■ **Given material**:

★ ★ ★ ★ ★ ★ ★

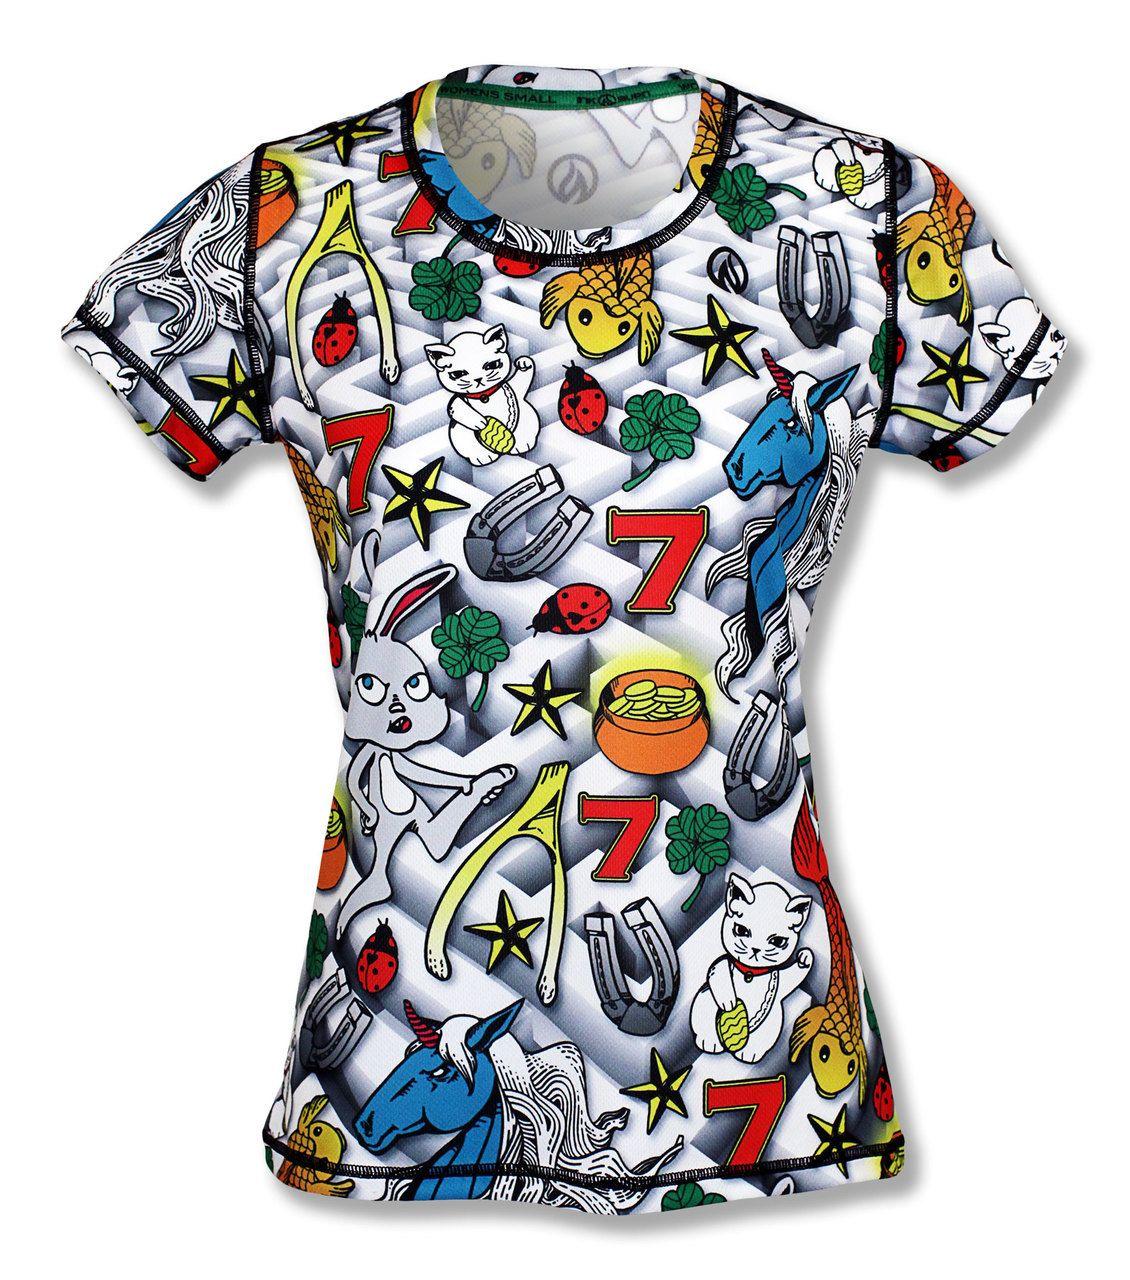 lustiges Angler T-Shirt Anglershirt Geburtstags Geschenk Angeln Motiv Fische 235
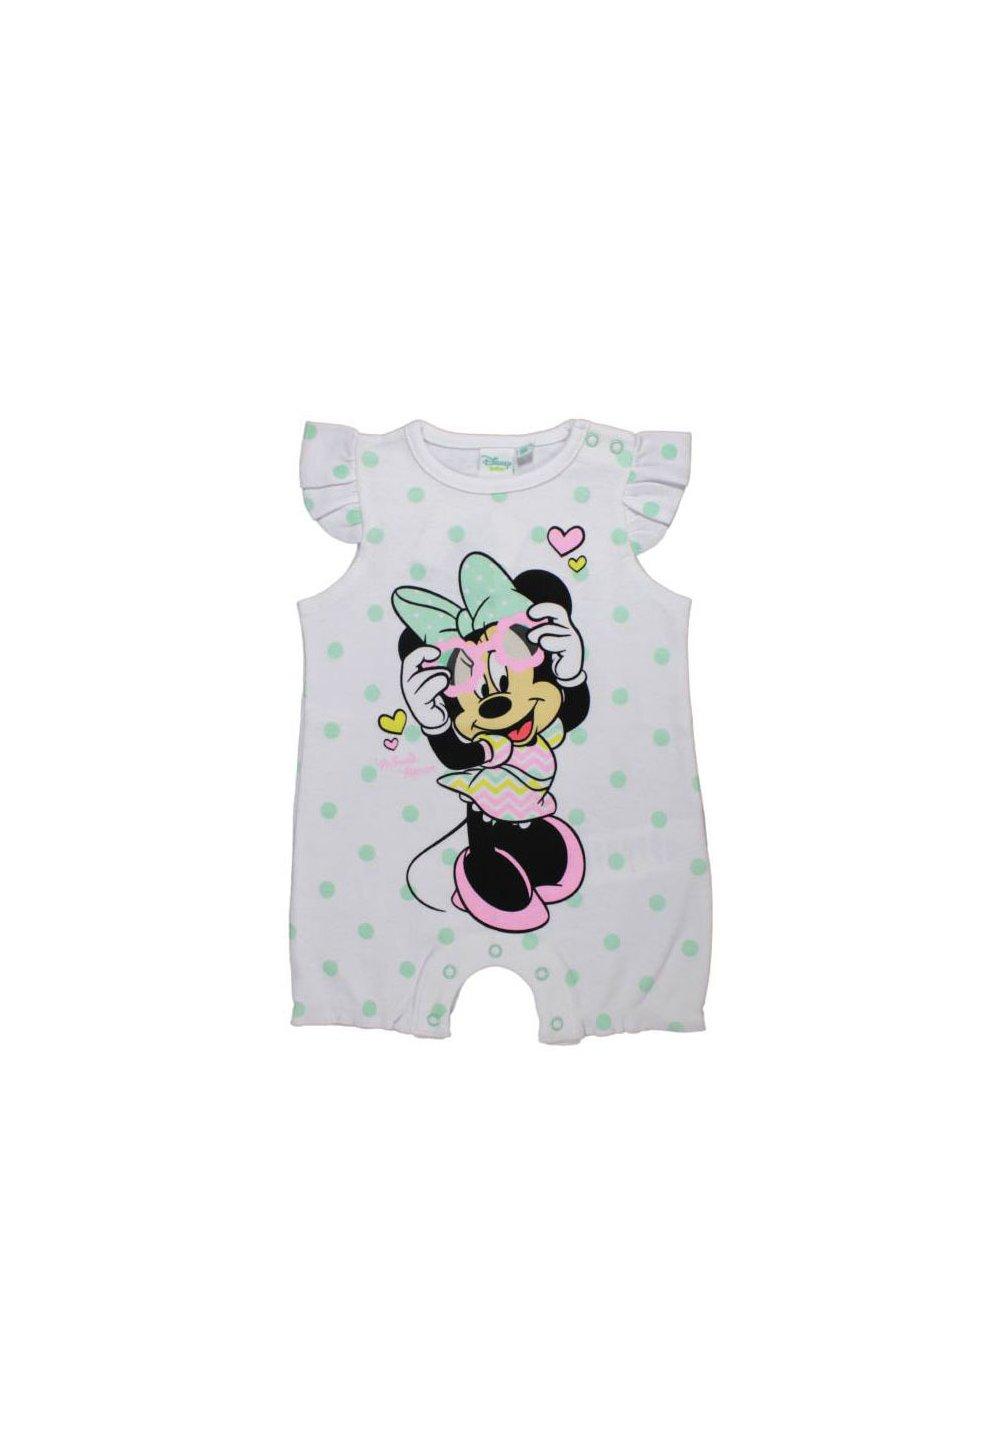 Salopeta vara, Minnie Mouse, alba cu buline verzi imagine
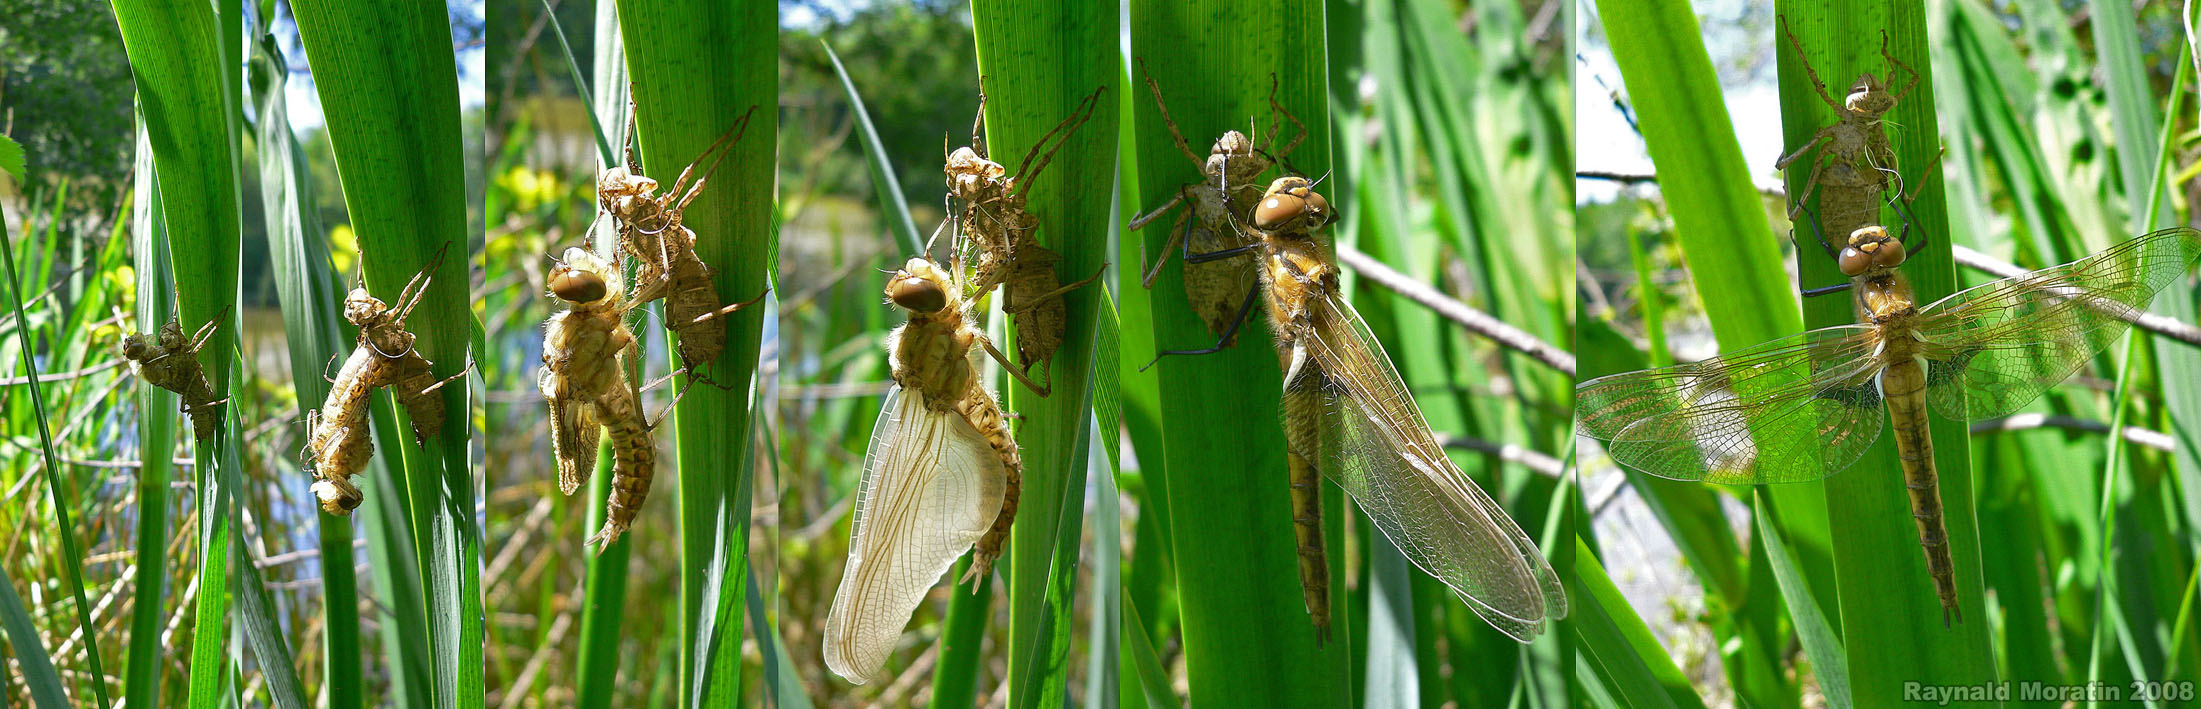 https://cdnfiles2.biolovision.net/www.faune-alsace.org/userfiles/Insectes/epitheca/EpiBimaRMoratincond.jpg
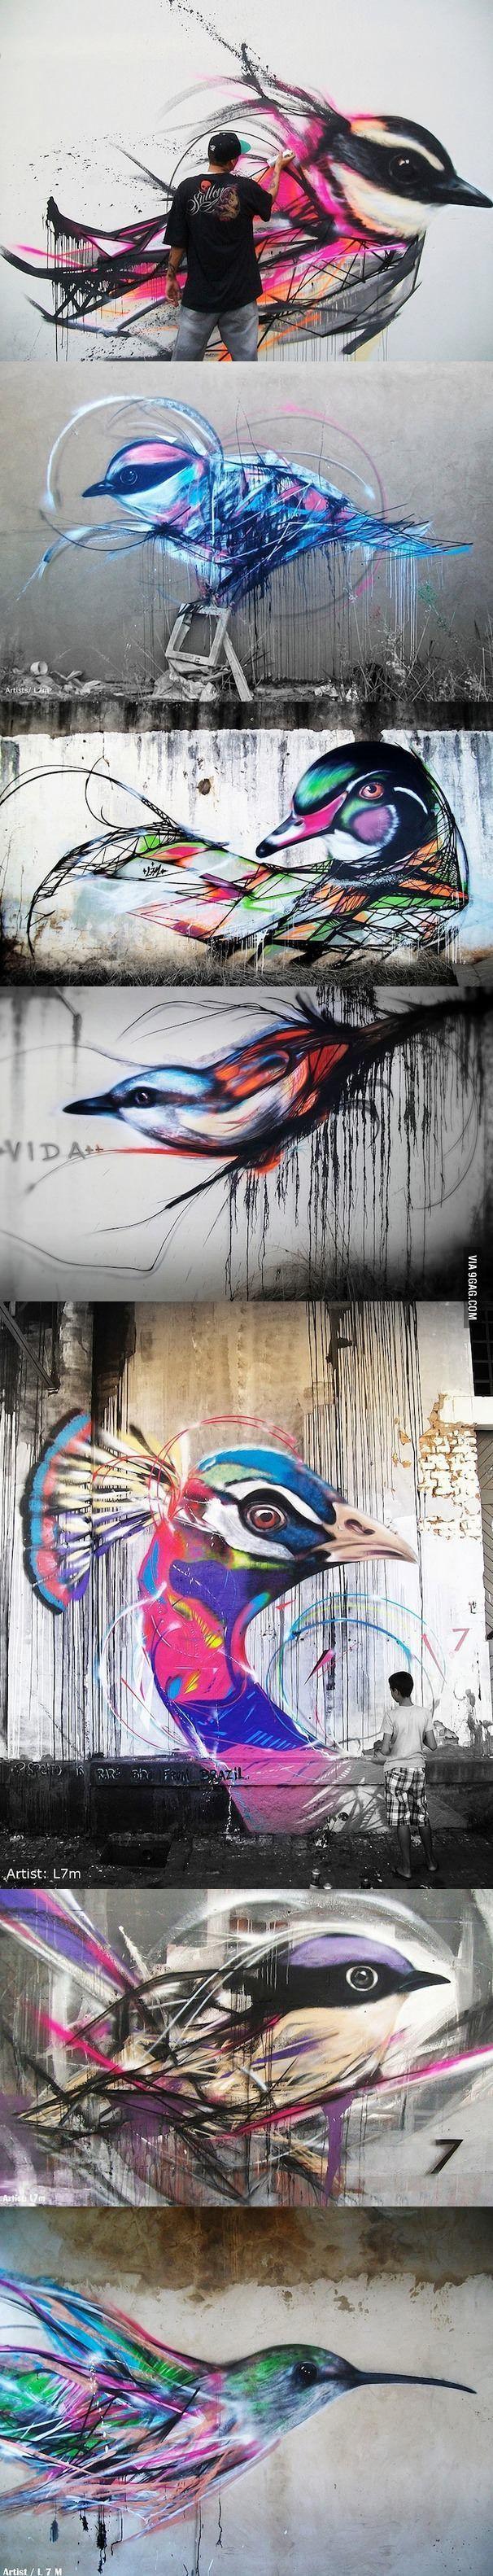 Bird art 8 street art. Beautiful street art photography. How cool are these!!

★ ★ ★ ★ ★ ★ ★

■ **Problem statement**:
Leave the images out and transcribe the rest of the material exactly.

■ **Response box**:
 lustiges Angler T-Shirt Anglershirt Geburtstags Geschenk Angeln Motiv Fische 235
 Salopeta vara, Minnie Mouse, alba cu buline verzi imagine
 https://cdnfiles2.biolovision.net/www.faune-alsace.org/userfiles/Insectes/epitheca/EpiBimaRMoratincond.jpg
 Bird art 8 street art. Beautiful street art photography. How cool are these!!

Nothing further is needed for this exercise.